Neon without page reconstruction overhead (I just patch pageserver to take pages directly from files in vanilla pgdatadir):

done in 583.15 s (drop tables 0.01 s, create tables 0.03 s, client-side generate 274.95 s, vacuum 149.43 s, primary keys 158.73 s).

Neon without page reconstruction and with prefetch enabled:

done in 568.17 s (drop tables 0.00 s, create tables 0.02 s, client-side generate 288.80 s, vacuum 116.83 s, primary keys 162.52 s).

What we can see here?

Difference between vanilla and Neon is not so dramatic here.
Looks like page reconstruction doesn't have significant impact on performance.
Prefetching doesn't help much.

So not so large (<2 times) difference between vanilla and neon can not be reduced using smarter page materialization algorithm or prefetching. Certainly there is open question concerning efficiency of prefetching implementation. as well as this simulation of materialized pages. Profilng doesn't show something interesting. Pageserver is spending time in flushing (fsync), and reading data (from files). CPU is not completely used, just because most of the time two processes are working: postgres backend and pageserver. But index creation spawns extra parallel worker to load and sort tuples by key,

Aug 16 '22 10:08 knizhnik

Difference between vanilla and Neon is not so dramatic here.

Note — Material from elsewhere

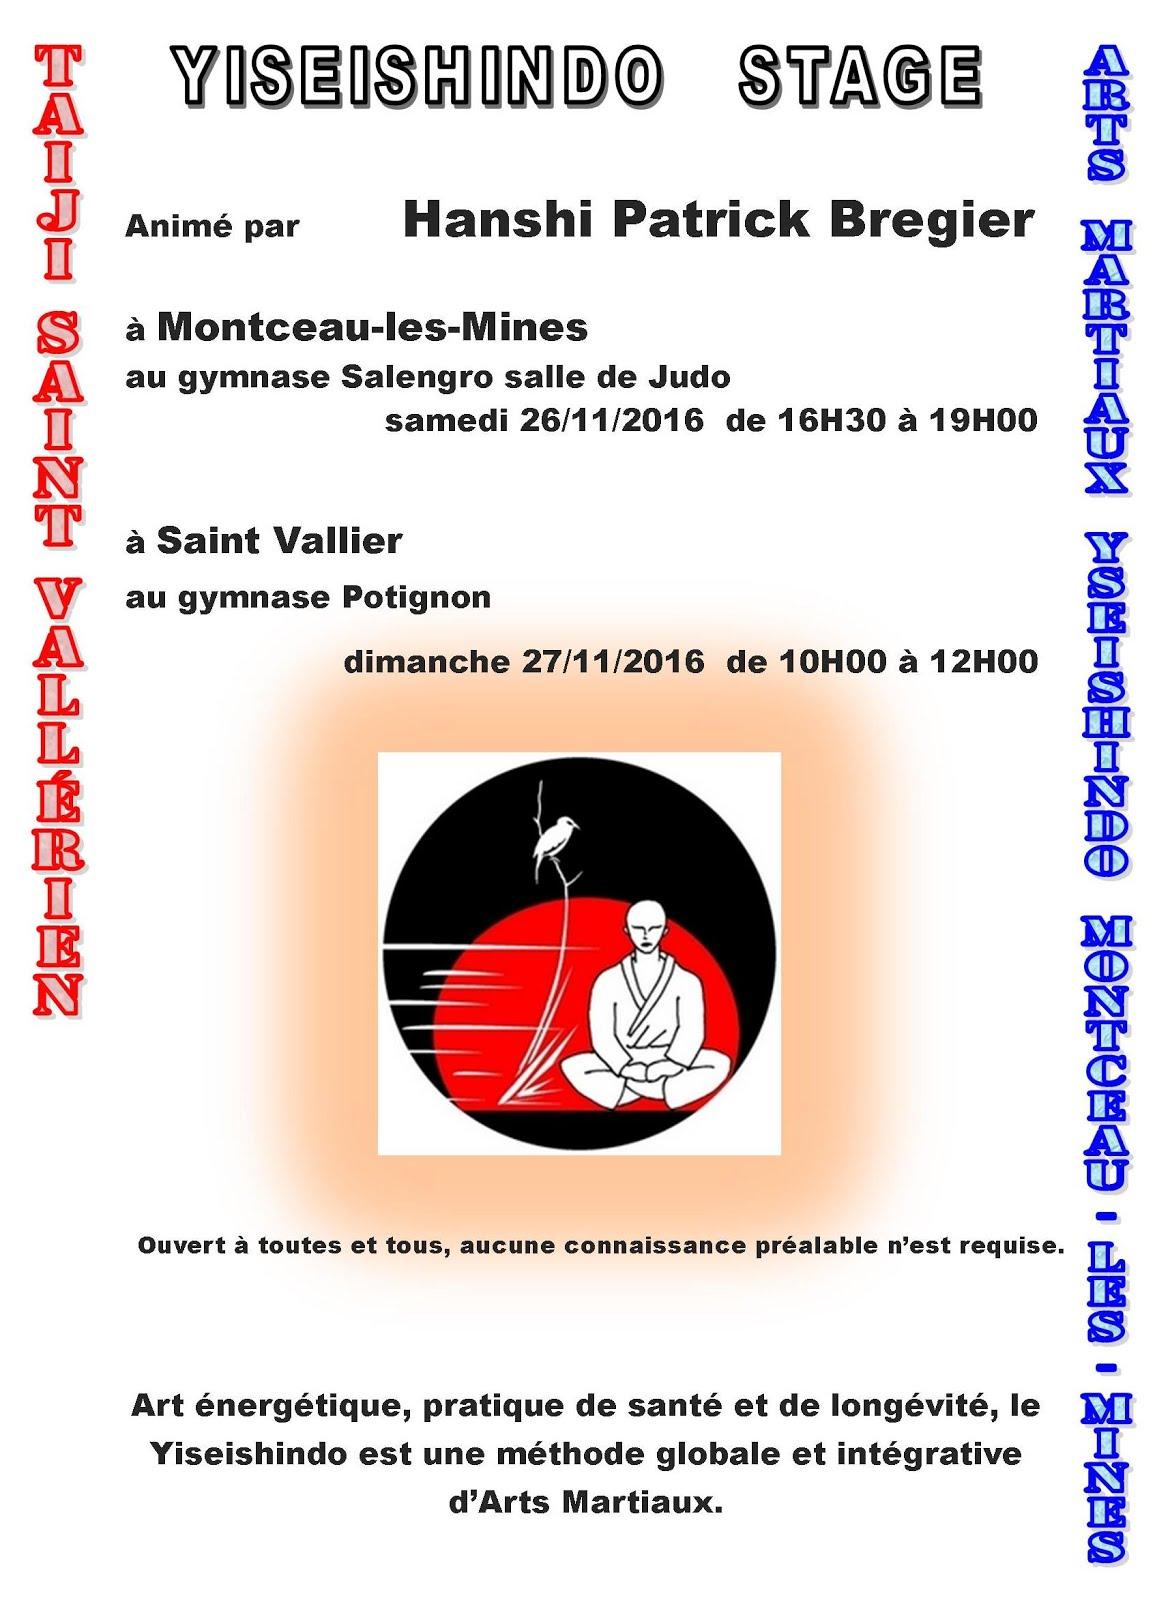 stage Yiseishindo Montceau/Saint Vallier

Interesting. Can you try to reproduce staging/perf settings in your setup? E.g., set precisely the same settings as with staging (you can start a node in perf env and dump pg_settings() there) and probably restrict compute node for one CPU -- I think it is possible to do it via cgroups (https://www.cybertec-postgresql.com/en/linux-cgroups-for-postgresql/)

Aug 16 '22 10:08 kelvich

Will do. But I do not think that any of parameters except shared_buffers, wal_log_hints and max_replication_write_lag can significantly affect performance.

I tried to set no_sync=true for safekeepers but it doesn't significantly change results.

Concerning limiting number of CPUs - this workload in any case doesn't load all cores. Without "avoid page reconstruction hack" there are three processing consuming CPU:

    pageserver: 50-90% CPU
    backend:     30-50% CPU
    wal_redo:    20-30% PU

Profiling with "Monte Carlo" approach (random attach of gdb and inspecting stack) shows that vacuum of the time spends in read_page_at_lsn, pageserver performing compaction and compaction thread is blocked in fsync. I still think that slow laptop SSD may cause different picture than on server. This is why I wanted to run test on tmpfs, to avoid disk write overhead.. But size of data stor by pgbench -i -s 1000 - 34Gb doesn't allow to do it at my laptop.

Also I failed to find reference to the original results of comparison neon vs. vanilla on large data set. Are them present in some ticket?

Aug 17 '22 07:08 knizhnik

In any case, vaccum takes less than 1/3 of total time of pgbench initialization phase. Even if we completely eliminate it (which is certainly not possible) we will increase speed not more than 30%.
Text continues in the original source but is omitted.